February 13th, 2013
NPI’s Permanent Defense responds to the discovery of thousands of fraudulent I-517 and I-522 signatures
Eye on Money: DevelopmentsFrom the Campaign TrailStatements & Advisories
This afternoon, the Secretary of State Kim Wyman announced that, after reviewing petitions submitted for Tim Eyman’s I-517 and Chris McManus’ I-522, her office had asked the Washington State Patrol to open a criminal investigation into what she called “the worst apparent initiative fraud anyone can remember.” As many as eight thousand signatures for I-517 and I-522 may be fraudulent.
Since mid-spring of 2012, when we first learned that Tim Eyman and his friends Roy Ruffino and Eddie Agazarm were making an attempt to quietly and illegitimately collect signatures for a second initiative by piggybacking on the signature drive for I-1185, we have been watchdogging and monitoring the I-517 campaign as closely as possible… a difficult task, given that Tim Eyman and his pals ran the entire operation in stealth mode up until the very end.
Prior to today’s announcement, we had already documented a troubling set of discrepancies with the I-517 campaign, many of which were included in the complaint against the I-517 campaign filed with the Public Disclosure Commission by Sherry Bockwinkel last August.
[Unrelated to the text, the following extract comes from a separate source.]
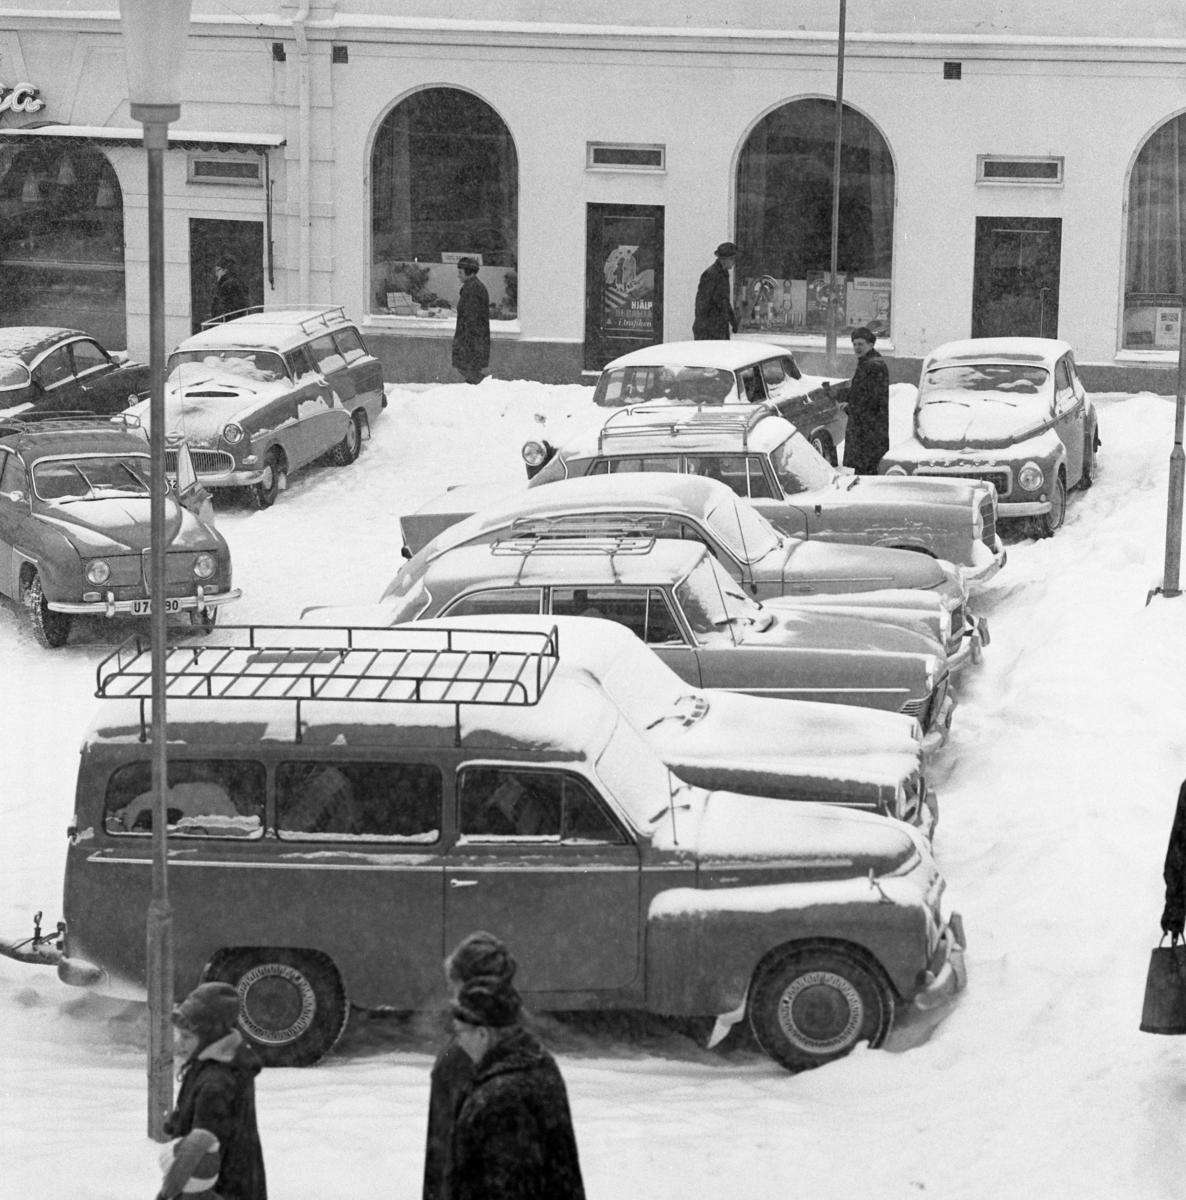 Det är mycket snö och svårt att parkera på Stora torget. Bilarna står tätt. Människorna är rejält påklädda. I bakgrunden ses Lundborgska fastigheten med café Saga

Sadly, the PDC has so far failed to launch a full-scale investigation in response to the complaint. We urge the PDC to bring the complaint out of limbo and open a formal inquiry immediately.
We thank Secretary of State Kim Wyman and her team for referring this matter to the State Patrol for a full investigation. We understand that the State Patrol is already investigating fraudulent signatures that were submitted as part of last year’s charter schools initiative, and we will be following that investigation as well.
However, we need more than an investigation into these fraudulent signatures. The signature gathering industry in our state has been operating for years out of the public eye with next to no oversight. Our research has found that our state’s signature gathering firms, like Eddie Agazarm and Roy Ruffino’s Citizen Solutions, have been exploiting their petition workers for years and failing to comply with our worker protection laws. It is time for lawmakers and the Department of Labor & Industries to fully investigate this industry and ensure that firms like Citizen Solutions are brought into full compliance with our laws. Instances of fraud are less likely to occur if regulators do their job.
We applaud the Secretary of State’s Elections Division for planning to meet with elections officials in Oregon to discuss how to toughen our state’s laws and regulations. We believe we should learn from Oregon’s experience so we can prevent the same kind of problems from getting completely out of hand here.
Tim Eyman would like us all to think that signature fraud is a problem that doesn’t exist. But as this and past incidents demonstrate, he is dead wrong. He’s against oversight anbd regulation of the signature gathering industry because it could negatively affect his profits.